To save the datasets for self-training, run
python datasets/preprocessing/freemask_preprocessing.py preprocess
The most important parameters are the following:
--data_dir
- the path to the raw ScanNet dataset--save_dir
- the path to save the processed data--modes
- default is ("train", "validation"), but can be selected for either--git_repo
- the path to the ScanNet git repository, needed for the ScanNet label mapping--oracle
- if selected, the original annotation is used for pseudo masks in a class-agnostic manner. needed to create a version for evaluation--freemask_dir
- the path to the pseudo masks generated in the previous step--n_jobs
- makes you wait less if you use more cores :)
Finally, to train the model with the pseudo masks over multiple stages of self-training iterations, run
. scripts/mask3d_DINO_CSC_self_train.sh
We provide the pretrained weights for the CSC model, which is used for self-superivsed feature extraction. This was trained on teh training scenes of ScanNet, with default parameters.

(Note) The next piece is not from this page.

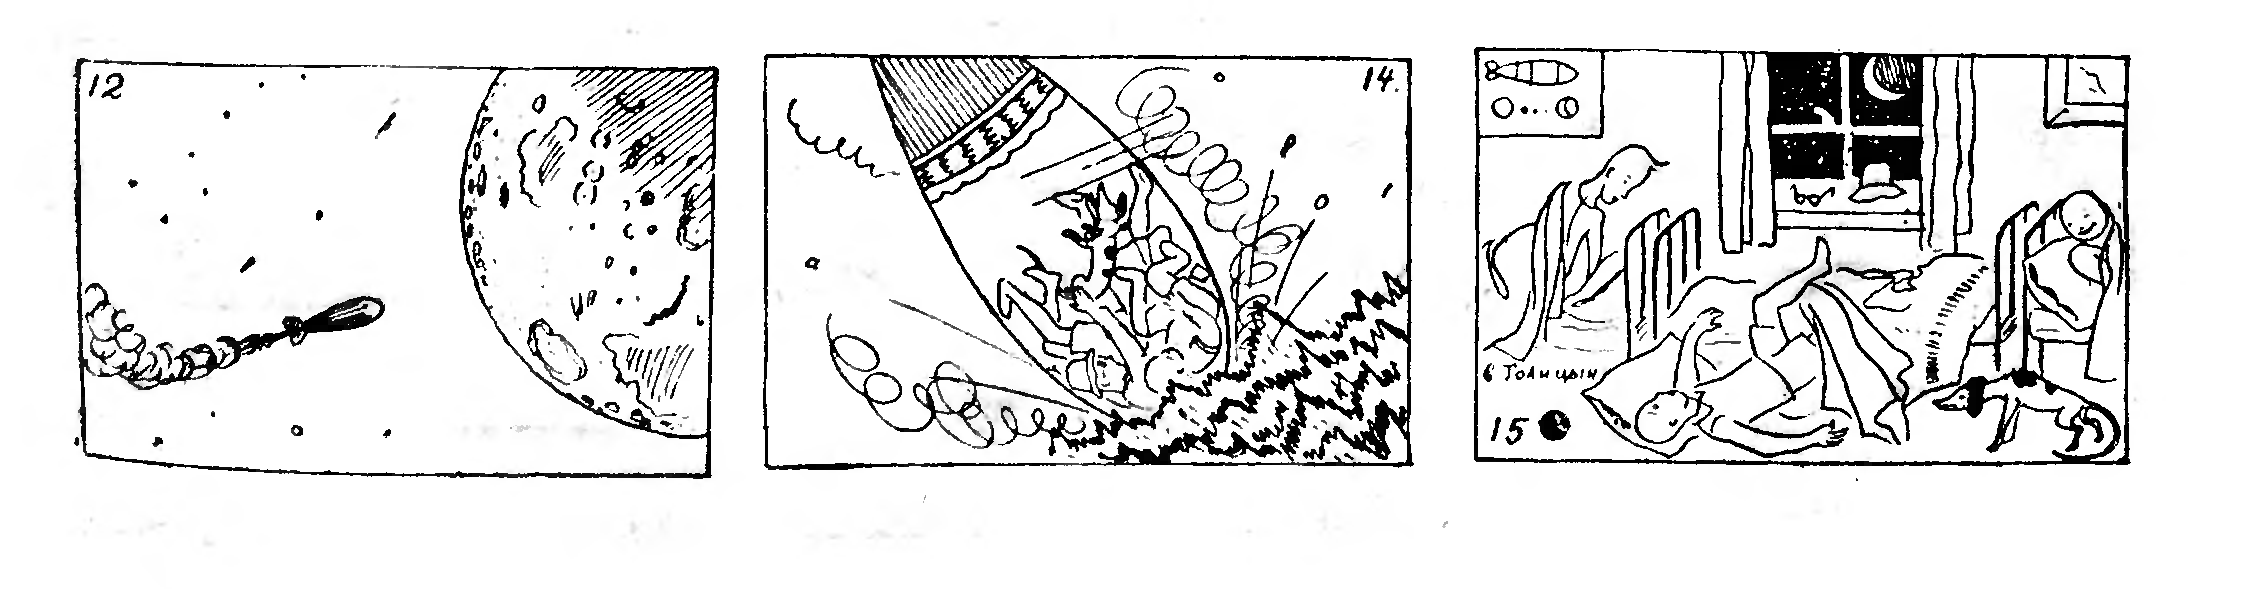 11_Комикс Владимира Голицына в «Знание — сила» №23-24 1932 г._5.png
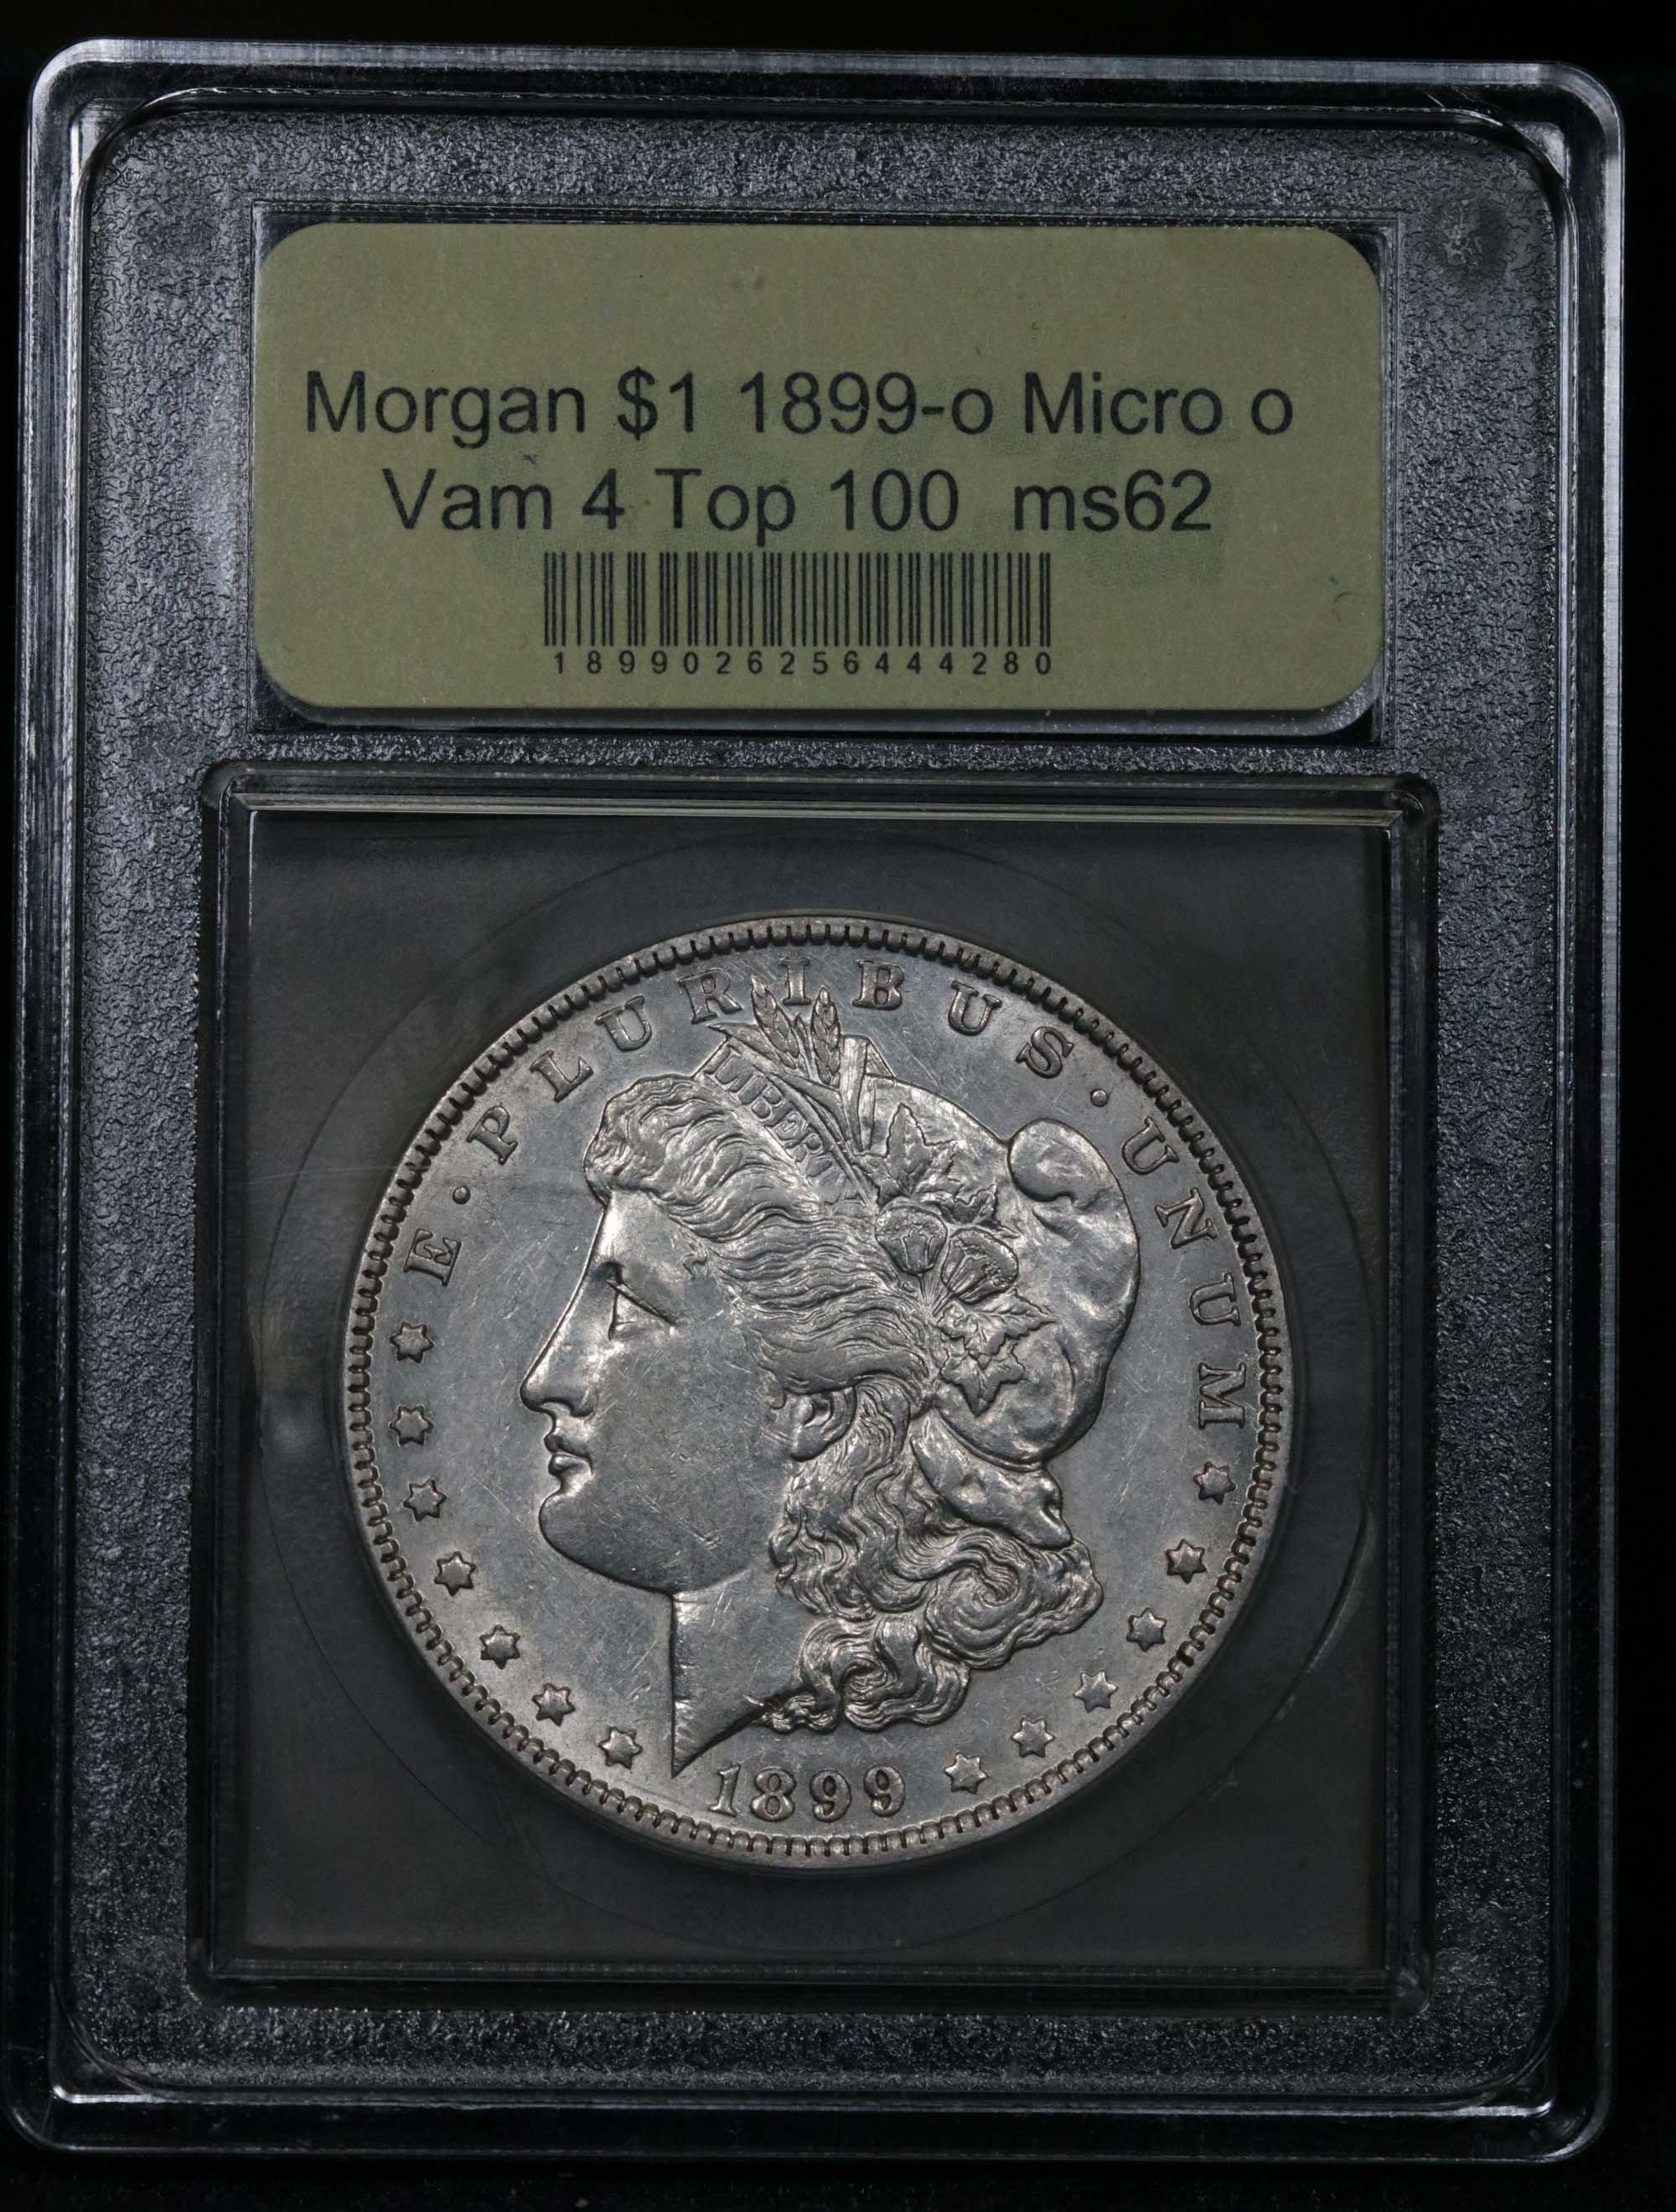 ***Auction Highlight*** 1899-o Micro o Vam 4 Top 100 Morgan Dollar $1 Graded Select Unc by USCG (fc)

We preprocessed a set of pseudo datasets in different variations, which can be used for self-training. We provide the following datasets:
Dataset Name | Description |
---|---|
scannet_freemask_oracle | The oracle dataset using the GT ScanNet mask annotation, mostly used for evaluation only. |
unscene3d_dino | Our proposed psuedo mask dataset, using projected 2D features from DINO for the NCut stage. |
unscene3d_dino_csc | Our proposed psuedo mask dataset, using both 3D CSC and projected 2D features from DINO for the NCut stage. |
unscene3d_arkit | Using 3D features on the ArKitScenes dataset for the NCut stage. |
We also provide the trained checkpoints for the self-training iterations, which can be used for evaluation or inference purposes. The checkpoints and the corresponding training logs are available for the following setups:
Setup Name | Description |
---|---|
unscene3d_CSC_self_train_3 | The model trained with pseudo masks using 3D features only, and after 3 self-training iteration. |
unscene3d_DINO_self_train_3 | The model trained with pseudo masks using 2D features only, and after 3 self-training iteration. |
unscene3d_DINO_CSC_self_train_3 | The model trained with pseudo masks using both 2D and 3D features only, and after 3 self-training iteration. |
unscene3d_arkit_self_train_2 | The model trained with the ArKitScenes and pseudo masks extracted from 3D features only, and after 2 self-training iterations. |
Finally, we show some qualitative results of the pseudo mask generation and the self-training iterations for the different setups. You can download the visualizations for 3D only and both 2D/3D psuedo masks. For opening the visualizations in your browser, please use PyViz3D.